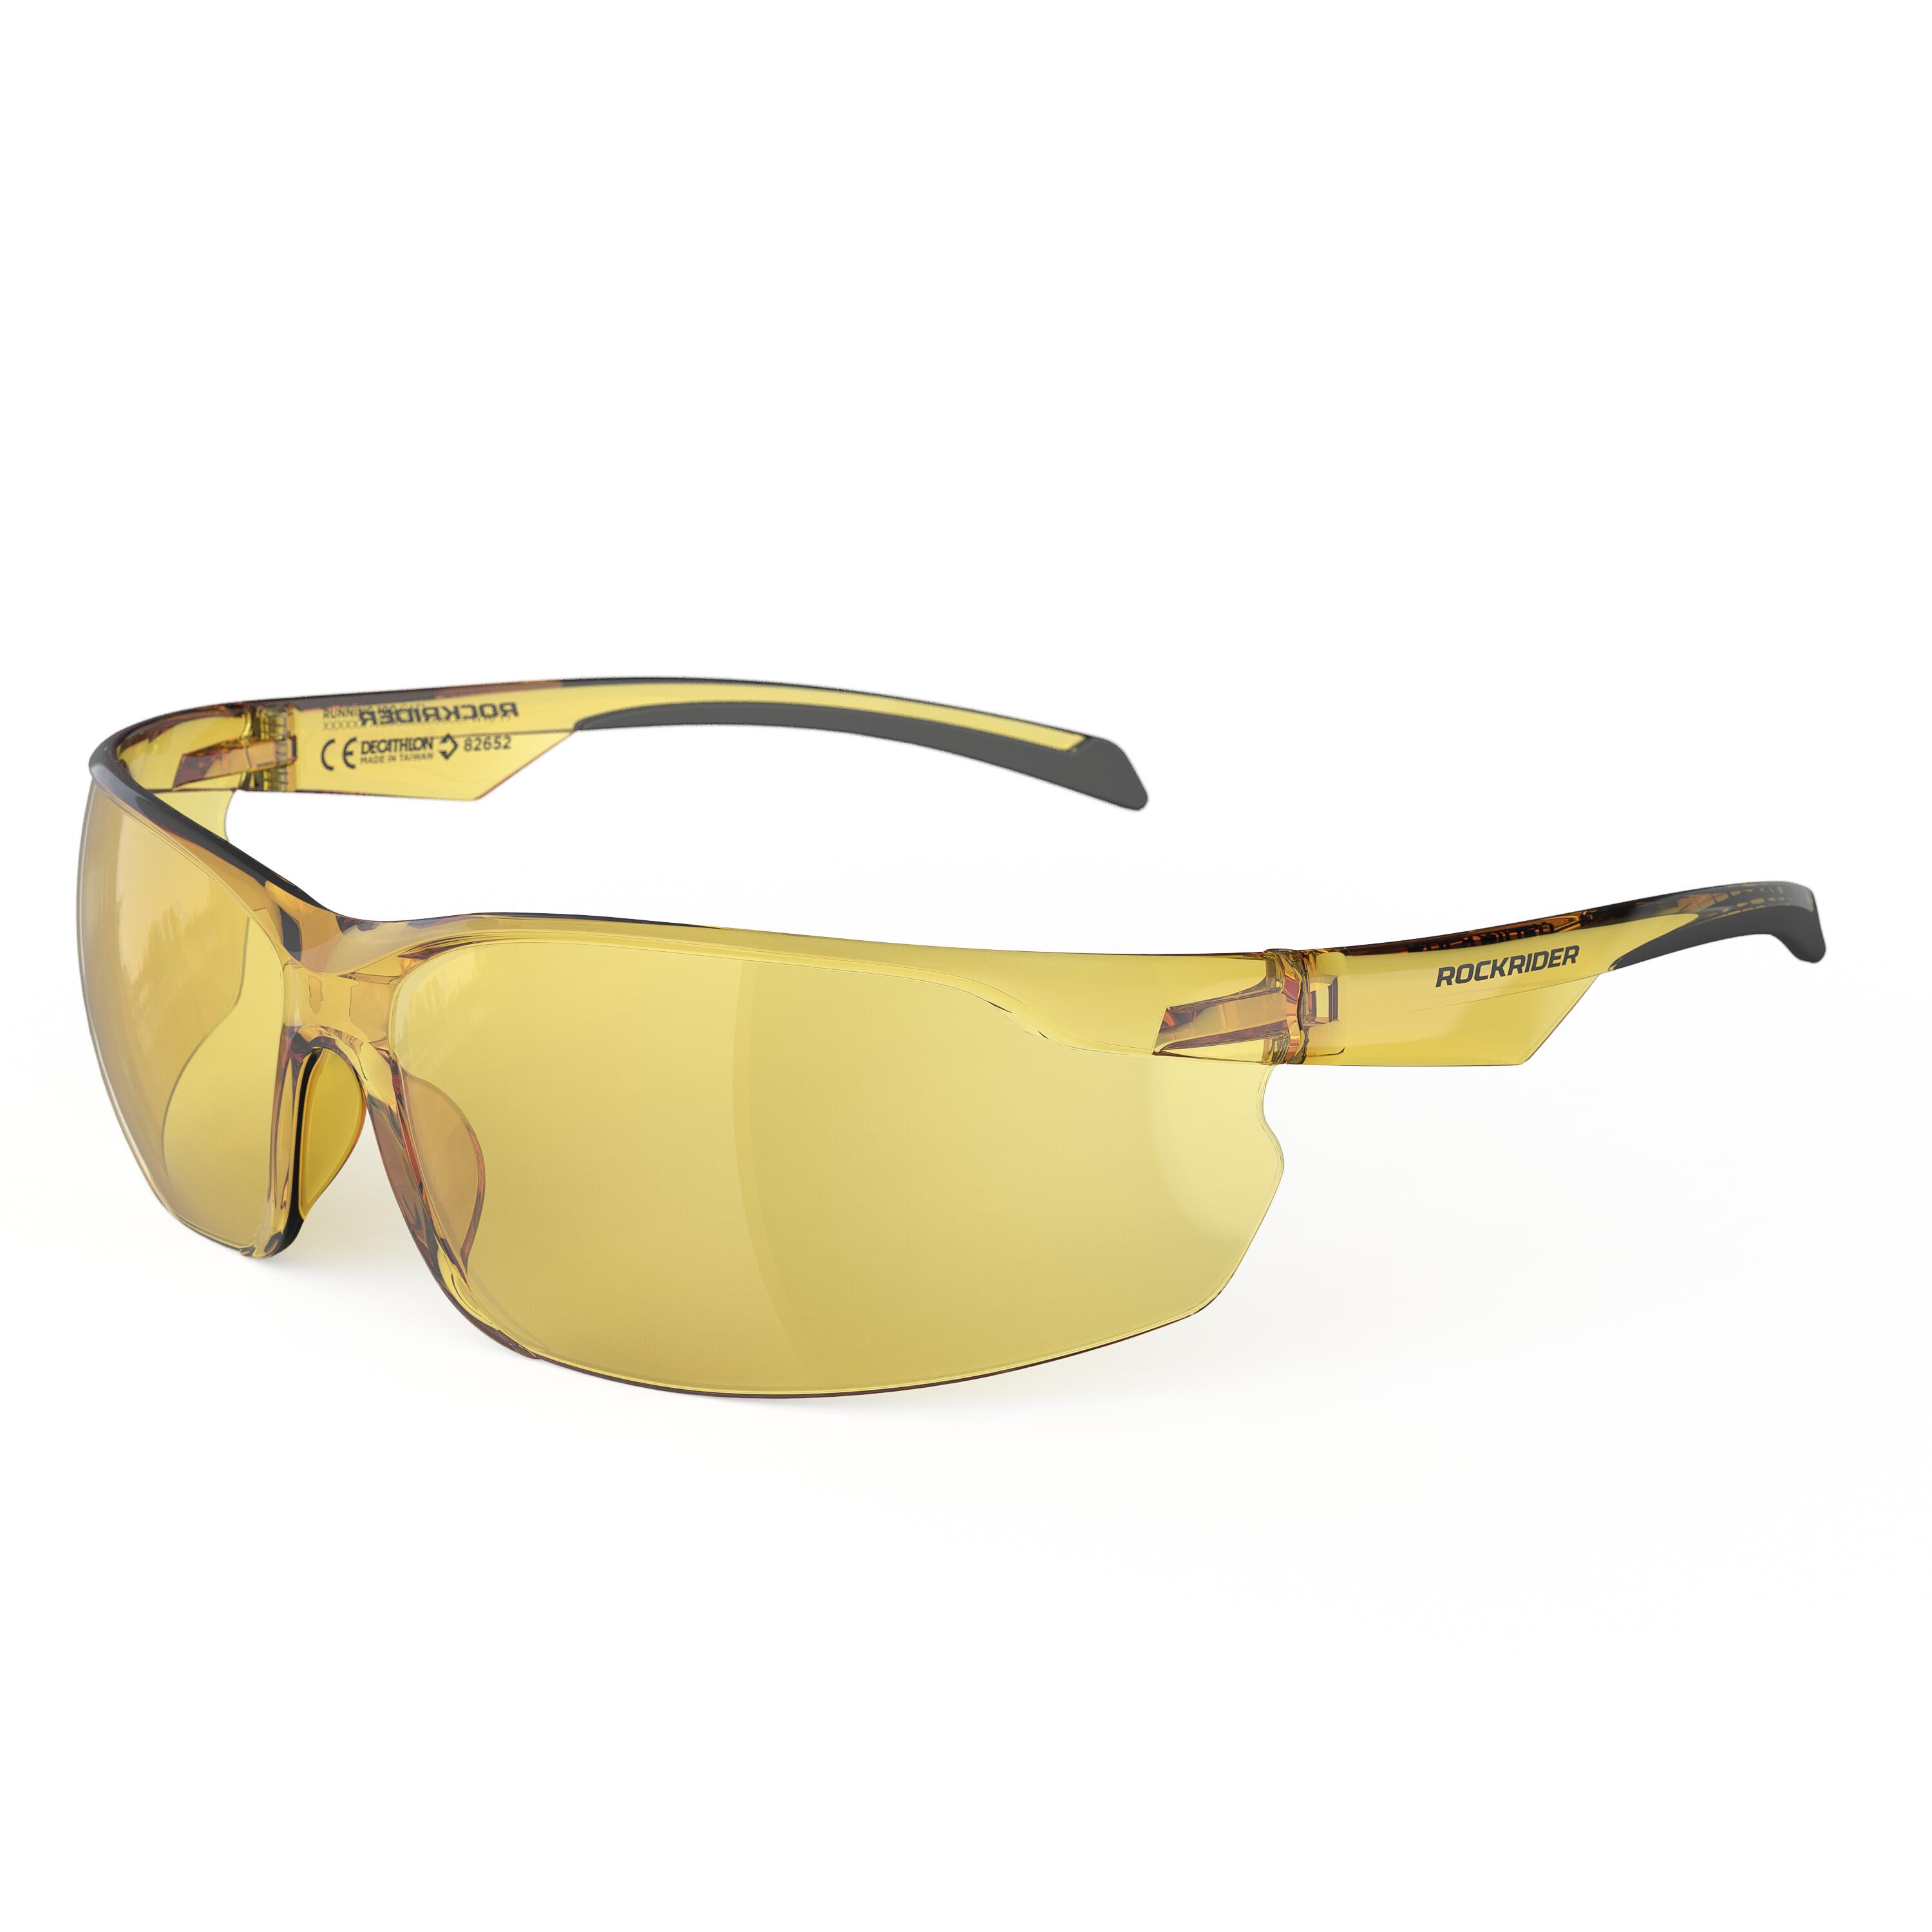 Buy Squash Wide Face Glasses Spg 100 - Size L Online | Decathlon
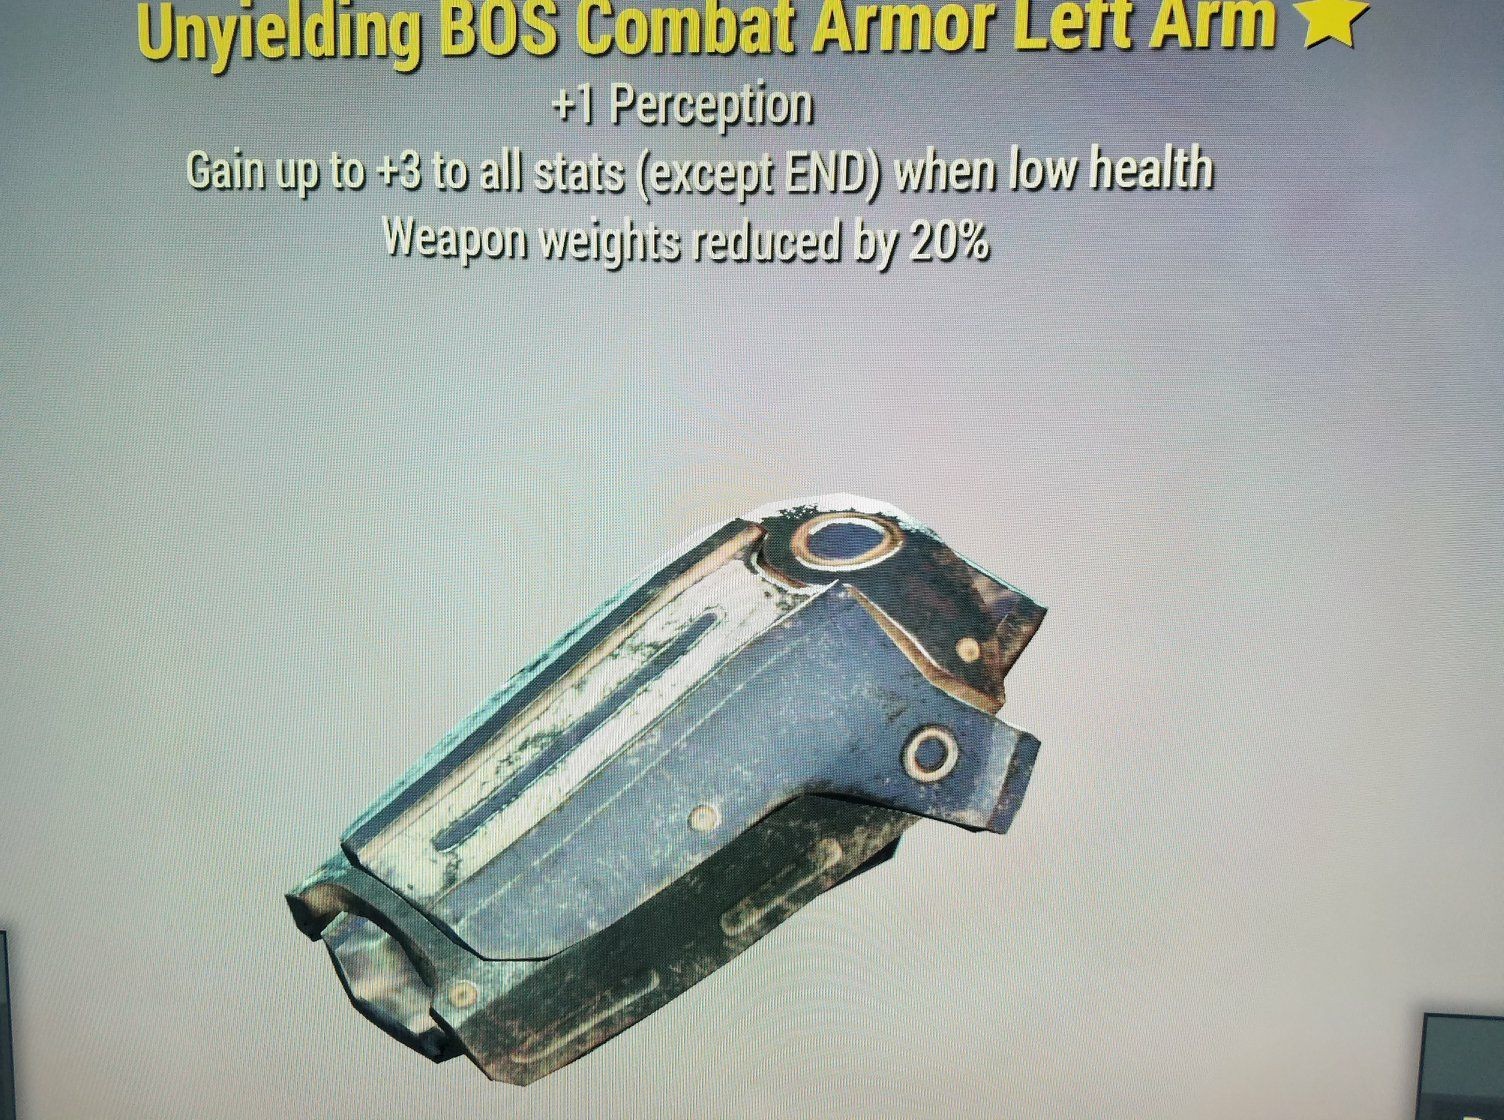 WW Reduction Unyielding BOS Combat Armor Left Arm
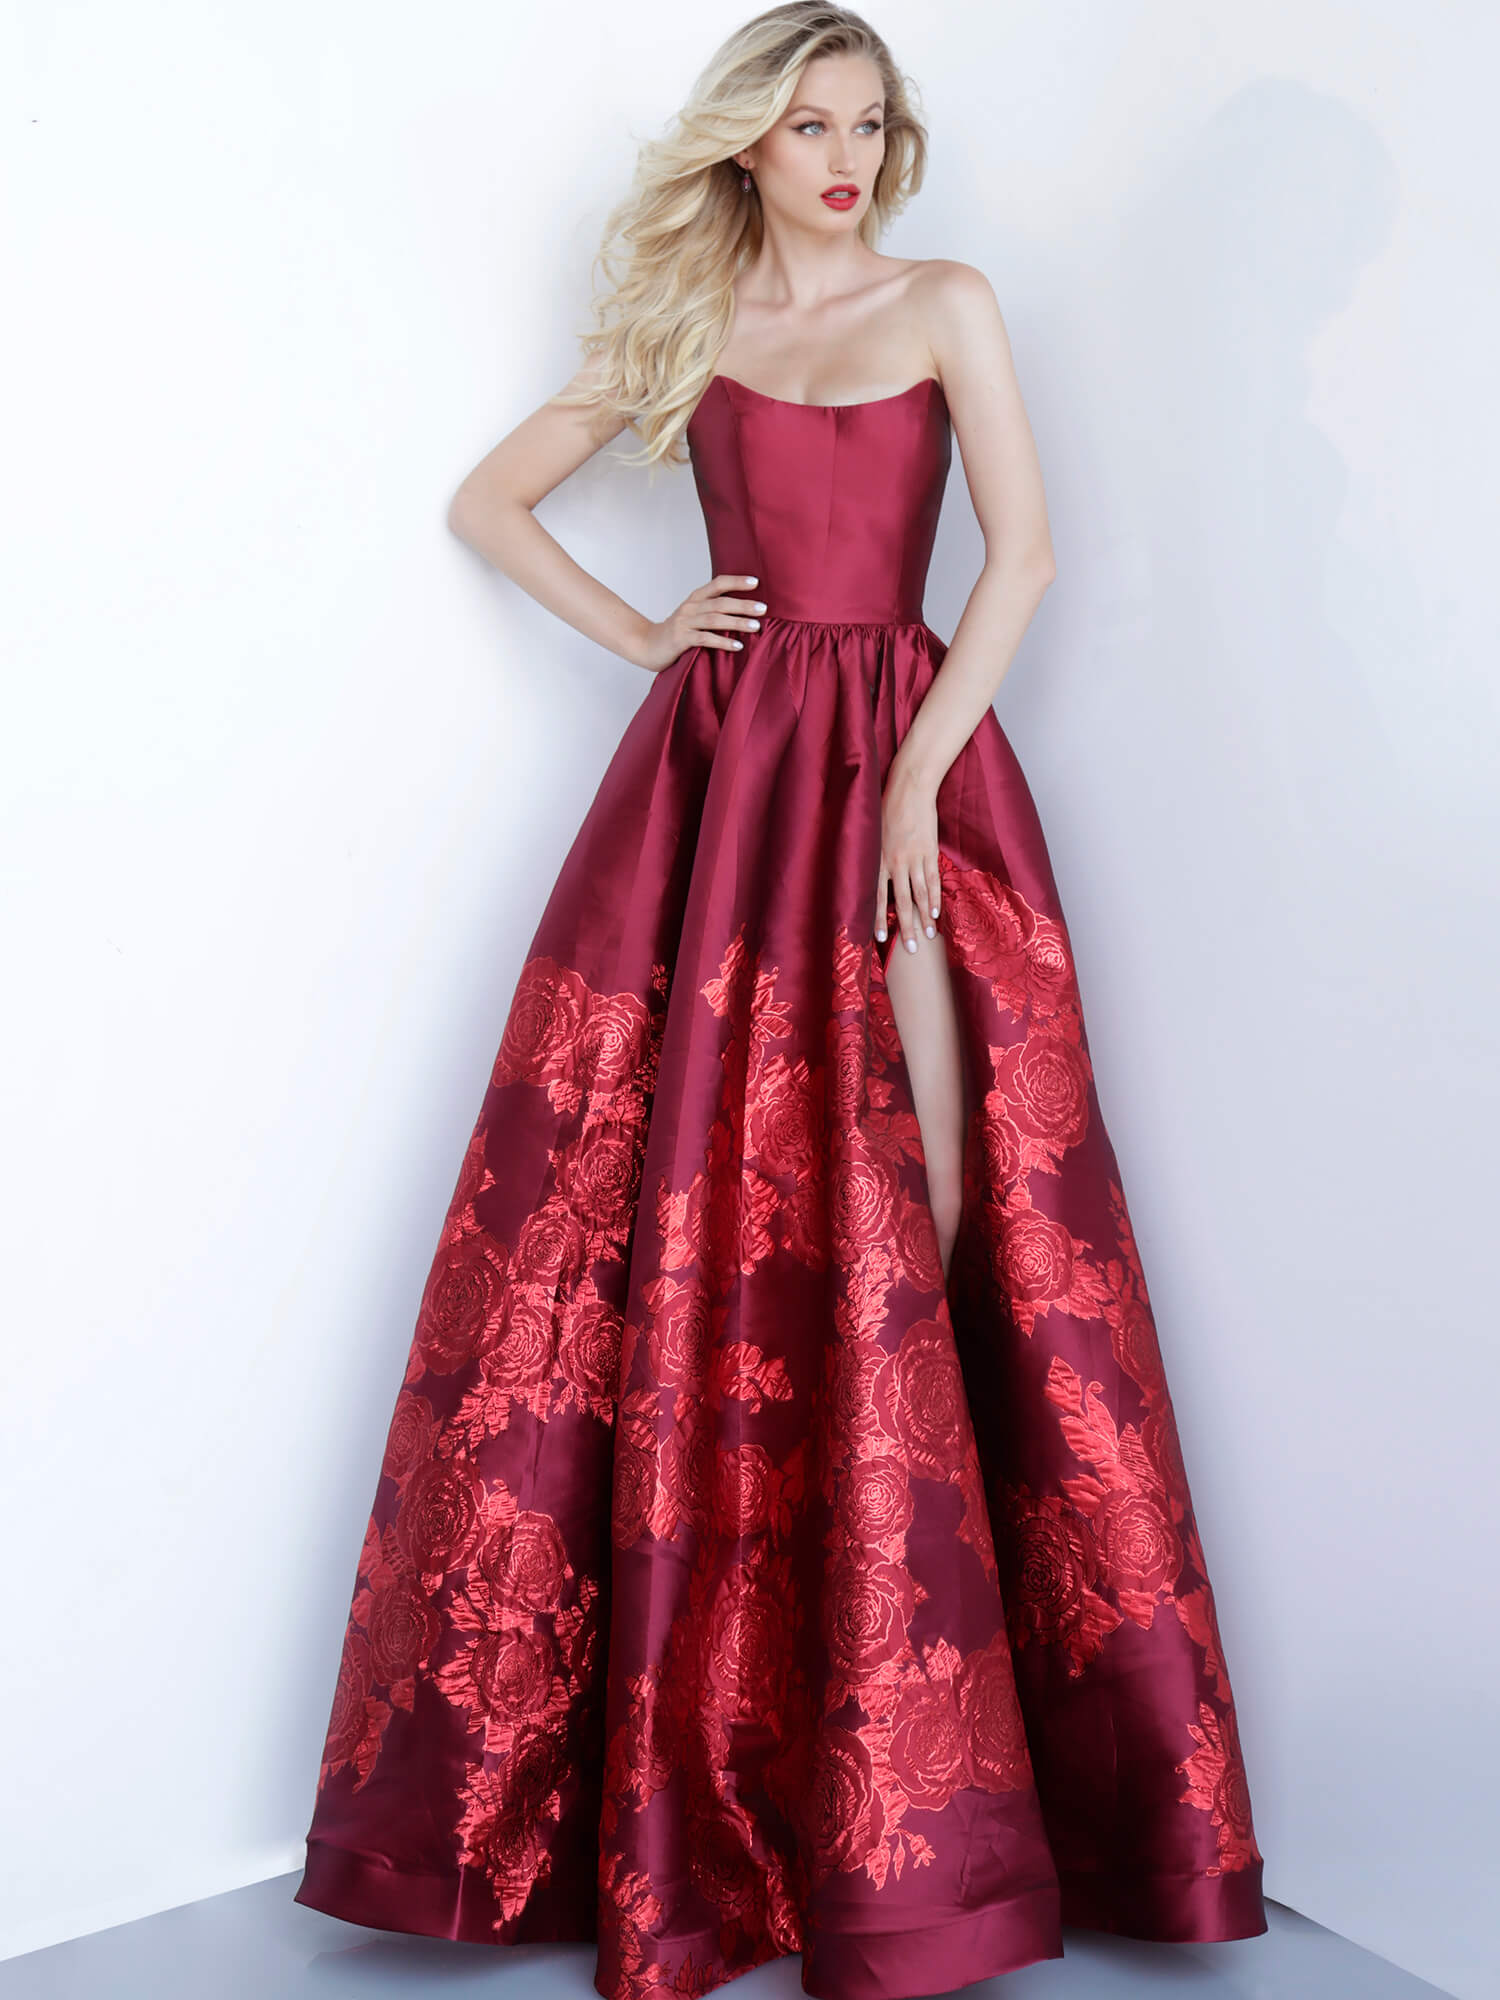 Sherri Hill Floral Print Ruffle Dress 55541 – Terry Costa

-*-

Activity: Set down exactly, from the line that contains "WW Reduction Unyielding" through the last line of the data, each line as it stands, and leave the pictures out.

Your response:
 WW Reduction Unyielding BOS Combat Armor Left Arm
 Sherri Hill Floral Print Ruffle Dress 55541 – Terry Costa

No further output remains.